Вернулась домой с неспокойным, сумрачным лицом.
— Что с тобой, дочка? — озаботилась Серафима Осиповна. — Аль головушку солнцем напекло?
— Все хорошо со мной, маменька. В светелку пойду.
Серафима Осиповна что-то еще изладилась спросить, но махнула рукой. Какие-нибудь пустяки, да и недосуг разглагольствовать: по дому дел невпроворот, все-то надо привести в порядок после вражьего стояния. Радовалась, что дом уцелел, хотя многие избы были сожжены ляхами.
А Васёнке все чудилось карканье вороны. На душе становилось все тягостней и тягостней. Извелась Васёнка! Не выдержала, выбежала из избы и разыскала дворового.
— Слышь, Филатка… Ты ведаешь, где Первушка живет?
— Дык… ведаю. В Коровниках.
— Христом Богом тебя умоляю! Дойди до Первушки.
— По какой надобности?
— По какой?.. Тоска душу гложет. Изведай, что с ним. Дойди!
— Дык, и ходить не надо. Намедни Анисима видел, дядьку его. Помирает-де Первушка.
— Да ты что?! — побледнев, отшатнулась Васёнка. — Как это помирает?
— Дык, обычно. Вороги стрелой наскрозь уязвили… Чай, уж преставился, царство ему небесное.
Филатка вздохнул, снял войлочный колпак и перекрестился на шлемовидные купола слободской церкви.
— Не смей так сказывать, не смей! — Васёнка даже кулачками застучала по сухощавой груди дворового. — Жив, Первушка, жив!
Филатка пожал плечами.
— Уж, как Бог даст.
Васёнка горько заплакала и побежала в сад.
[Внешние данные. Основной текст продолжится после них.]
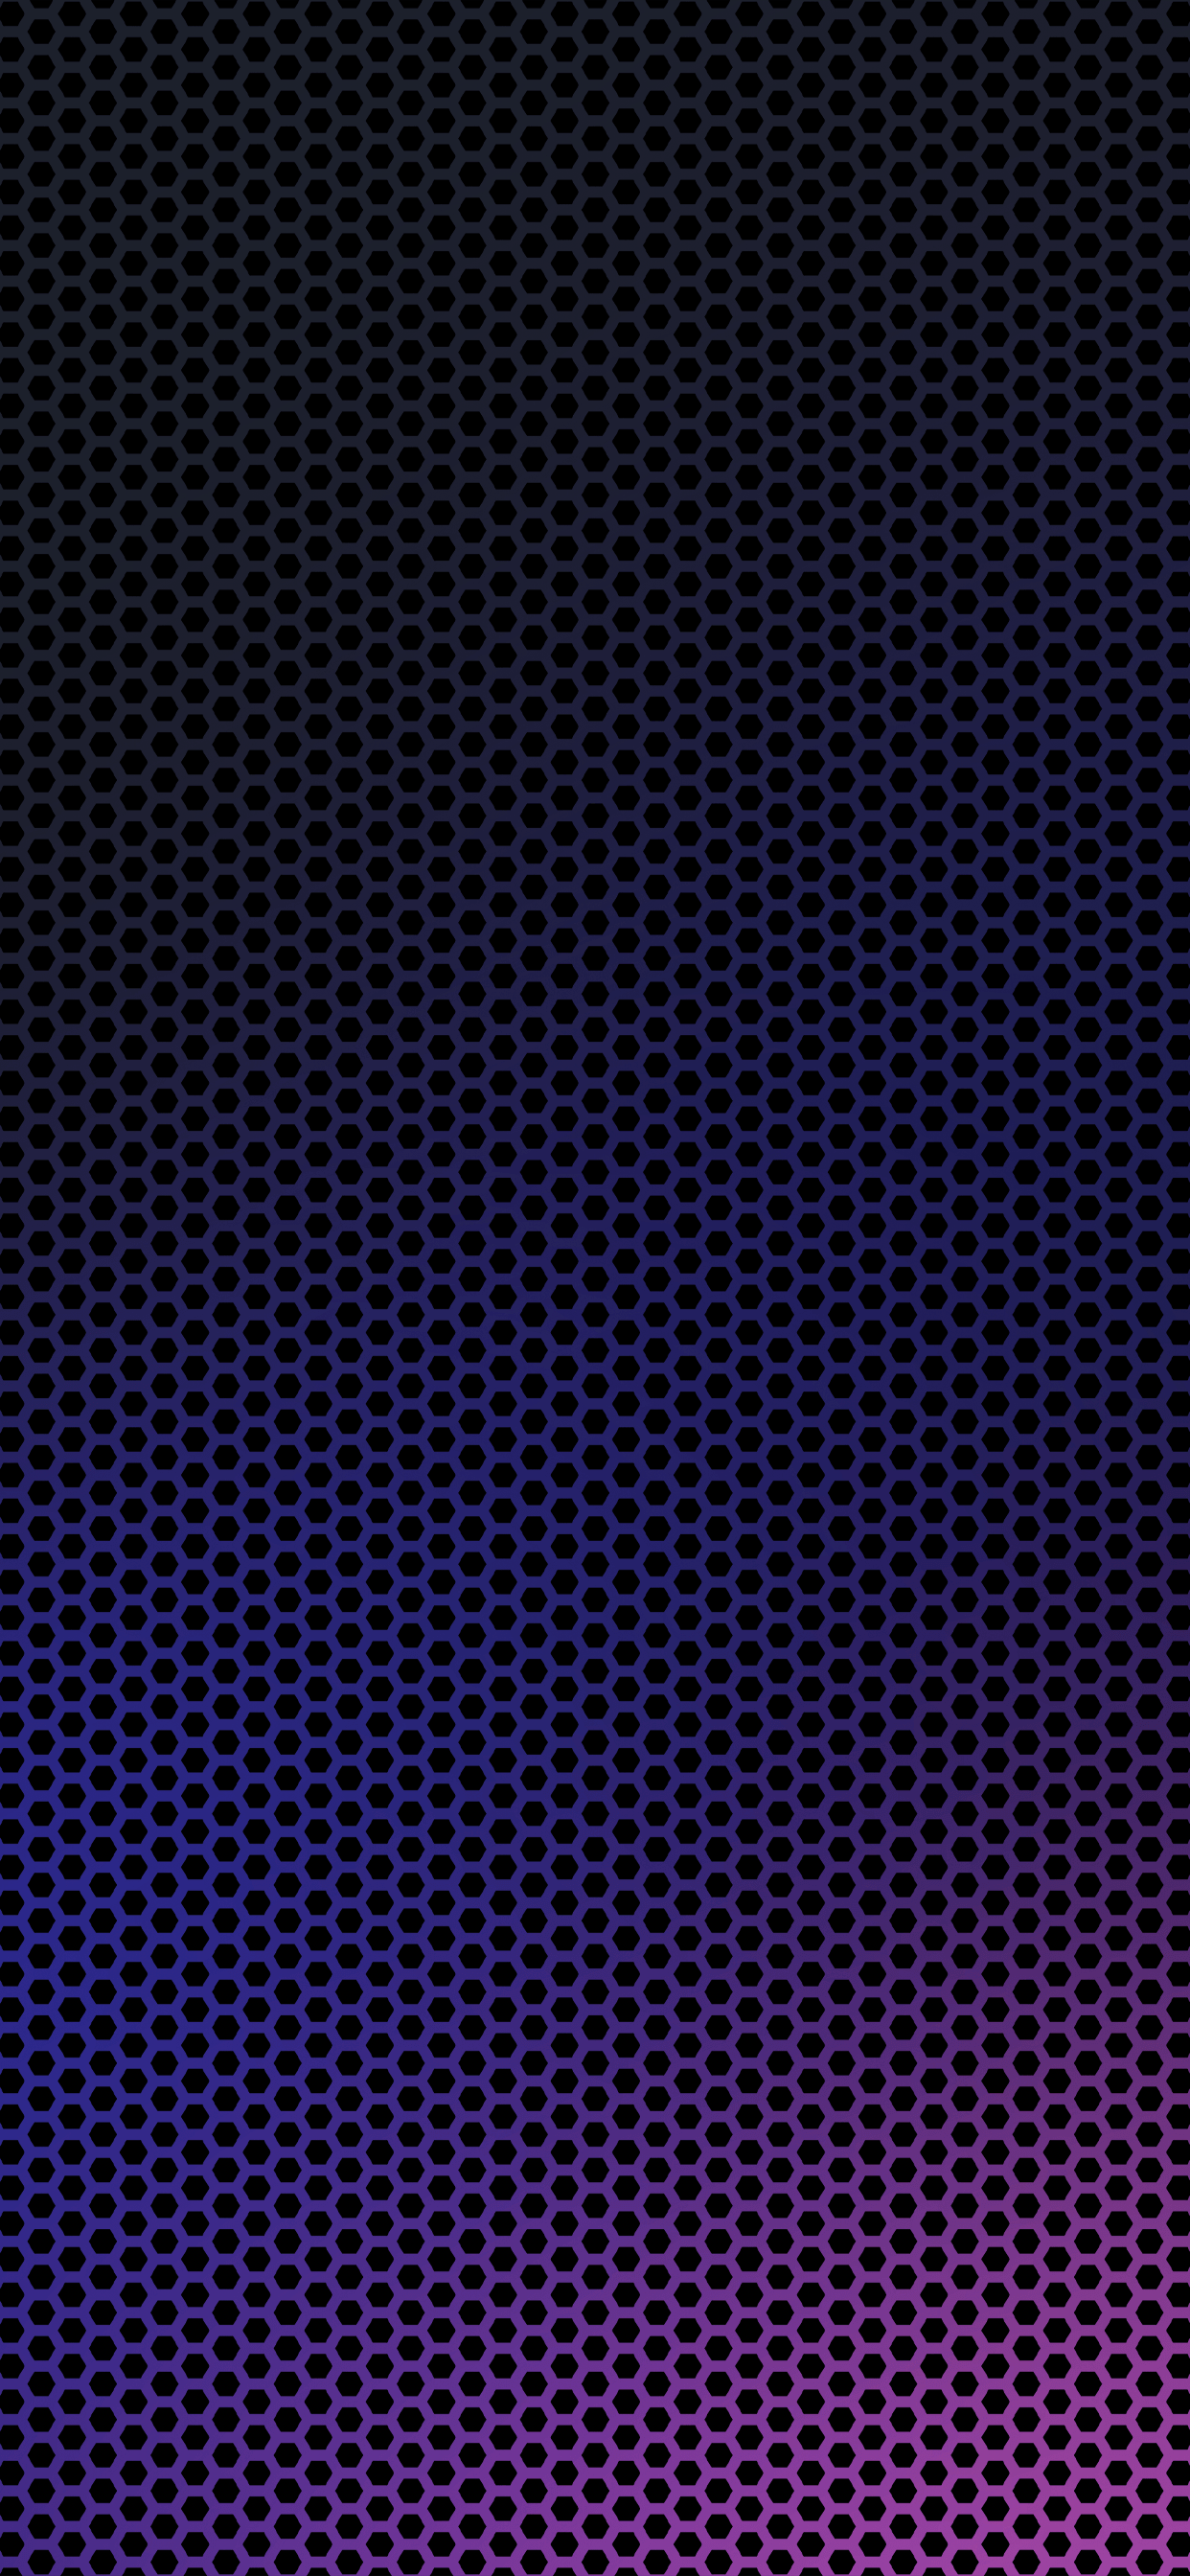 Check out these gridded gradient wallpapers for iPhone

Упала среди вишен и дала волю слезам. Неутешной была ее скорбь. Полежала, поплакала, и вдруг вспомнила знахарку Секлетею, коя жила неподалеку от их терема в Козьем переулке. За ней, когда шибко прихворнула маменька, ходила Матрена, и знахарка исцелила недуг.
Правда тятенька не очень-то уж и хотел приглашать в терем ведунью, но маменька настолько захворала, что едва Богу душу не отдала. Тятенька всполошился: без хозяйки дом сирота, вот и послал за знахаркой, но когда она явилась, то глядел на нее искоса, недоверчиво.
Старушка же, повернувшись к тятеньке своим покойным, добросердечным лицом, тихо и задушевно молвила:
— Ведаю, милок, о чем твои помыслы. Ведунья-де в дом пришла, коя с нечистой силой знается. И не ты один так полагаешь. Бог им простит. Знахарка — не чародейка, ибо колдун всегда прячется от людей и окутывает свои чары величайшей тайной. Знахари же — творят свои дела в открытую, без креста и молитвы не приступают к делу. Даже все целебные заговоры не обходятся без молитвенных просьб к Богу и святым угодникам. Правда, знахари тоже нашептывают тихо, вполголоса, но затем открыто и смело молвят: «Встанет раб Божий, благословясь и перекрестясь, умоется свежей водой, утрется рушником чистым; выйдет из избы к дверям, из ворот к воротам, пойдет к храму, подойдет поближе, да поклонится пониже». Аль не так я сказываю, милок?
Аким вначале хмурился, но затем с неподдельным интересом глянул на старушку, чей проникновенный голос растаял в его душе предвзятый холодок.
А старушка продолжала:
— Знахаря не надо сыскивать по кабакам, и видеть его во хмелю, выслушивать грубости и мат, взирать, как он ломается, вымогает деньги, угрожает и страшит своим косым медвежьим взглядом и посулом горя и напастей. У знахаря — не «черное слово», кое всегда приносит беду, а везде крест-креститель, крест — красота церковная, крест вселенный — дьяволу устрашение, человеку спасение…
Секлетея высказала еще немало слов, а затем, глянув на хозяина дома, вопросила:
— Веришь ли ты мне, милок? Токмо истинную правду сказывай, ибо без веры не могу я к исцелению недуга приступать.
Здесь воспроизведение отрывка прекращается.